Rfam = %(database_path)s/Rfam/Rfam.cm DNA_DB = %(database_path)s/family_group source_taxa_db = %(database_path)s/family_group Prot_DB = %(database_path)s/nr/nr Prot_DB_reads = %(database_path)s/nr/nr accession2taxid = %(database_path)s/accession2taxid/accession2taxid nodes = %(database_path)s/WEVOTE_db/nodes_wevote.dmp names = %(database_path)s/WEVOTE_db/names_wevote.dmp Kaiju_db = %(database_path)s/kaiju_db/kaiju_db_nr.fmi Centrifuge_db = %(database_path)s/centrifuge_db/nt SWISS_PROT = %(database_path)s/swiss_prot_db/swiss_prot_db SWISS_PROT_map = %(database_path)s/swiss_prot_db/SwissProt_EC_Mapping.tsv PriamDB = %(database_path)s/PRIAM_db/ DetectDB = %(database_path)s/DETECTv2 WEVOTEDB = %(database_path)s/WEVOTE_db/ EC_pathway = %(database_path)s/EC_pathway/EC_pathway.txt path_to_superpath = %(database_path)s/path_to_superpath/pathway_to_superpathway.csv MetaGeneMark_model = /pipeline_tools/mgm/MetaGeneMark_v1.mod taxid_tree = %(database_path)s/taxid_trees/family_tree.tsv kraken2_db = %(database_path)s/kraken2

tmattes8 commented 6 months ago

The pipeline is now currently stuck at the Diamond step. Diamond jobs get submitted but the pipeline keeps getting killed for some reason before they finish. I feel like it is perhaps a memory issue or an issue with my hpc job scheduler getting overwhelmed with 40 diamond jobs, but I really don't know yet. Thought I would throw it out there if you had any ideas.

billytaj commented 6 months ago

Diamond is notoriously slow. MetaPro does its best to push through as much as a cluster node will allow it, but it's all at the mercy of the specs of your compute environment, and your data.

tmattes8 commented 5 months ago

Diamond is notoriously slow.

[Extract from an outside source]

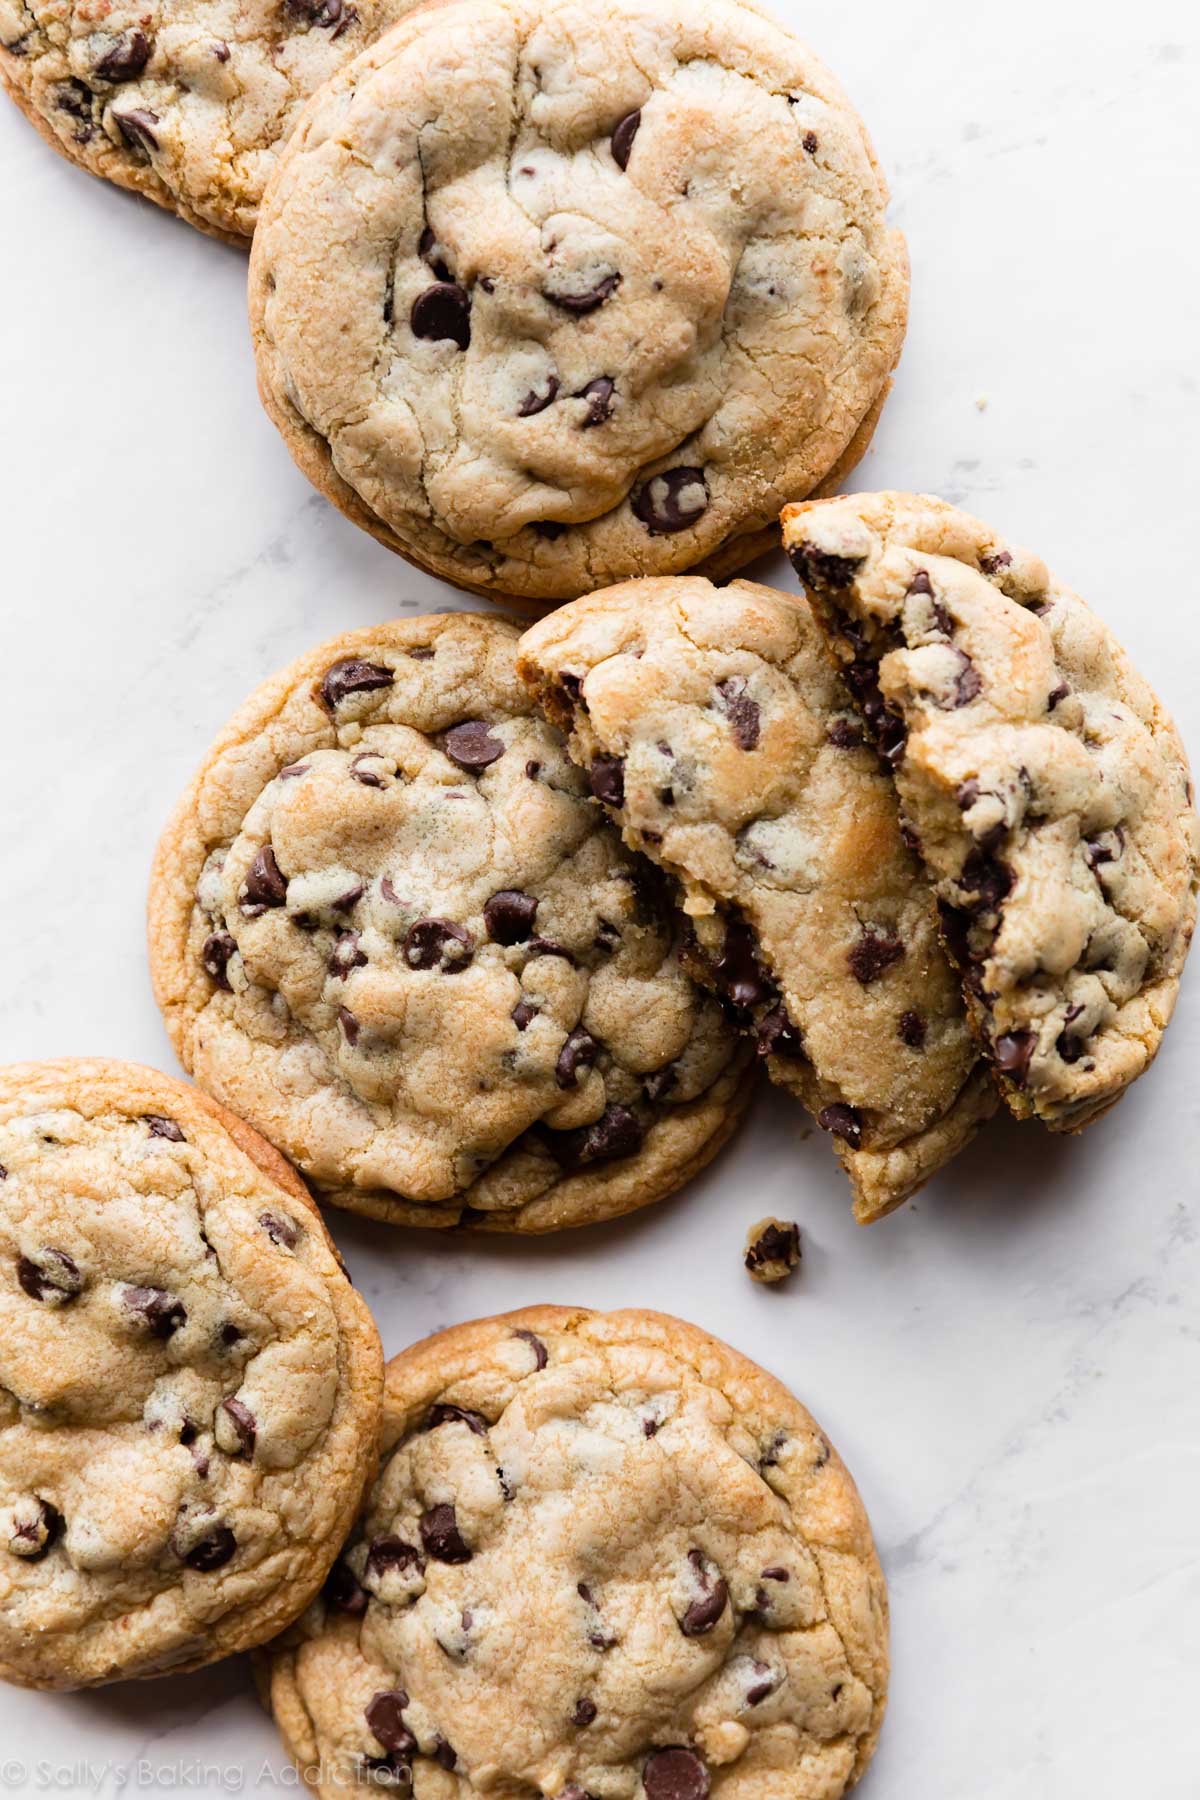 6 giant chocolate chip cookies

MetaPro does its best to push through as much as a cluster node will allow it, but it's all at the mercy of the specs of your compute environment, and your data.

Yes, I throttled the number of diamond jobs submitted back to 5 at a time and the pipeline continued well without issues. Probably room to optimize it a little higher. Thanks,

billytaj commented 5 months ago

Diamond is notoriously slow. MetaPro does its best to push through as much as a cluster node will allow it, but it's all at the mercy of the specs of your compute environment, and your data.

Yes, I throttled the number of diamond jobs submitted back to 5 at a time and the pipeline continued well without issues. Probably room to optimize it a little higher. Thanks,

There's supposed to be a memory analyzer, but it's not perfect <measures mem usage in discrete timeslices, to make sure your system doesn't OOM>. will revisit when there's time.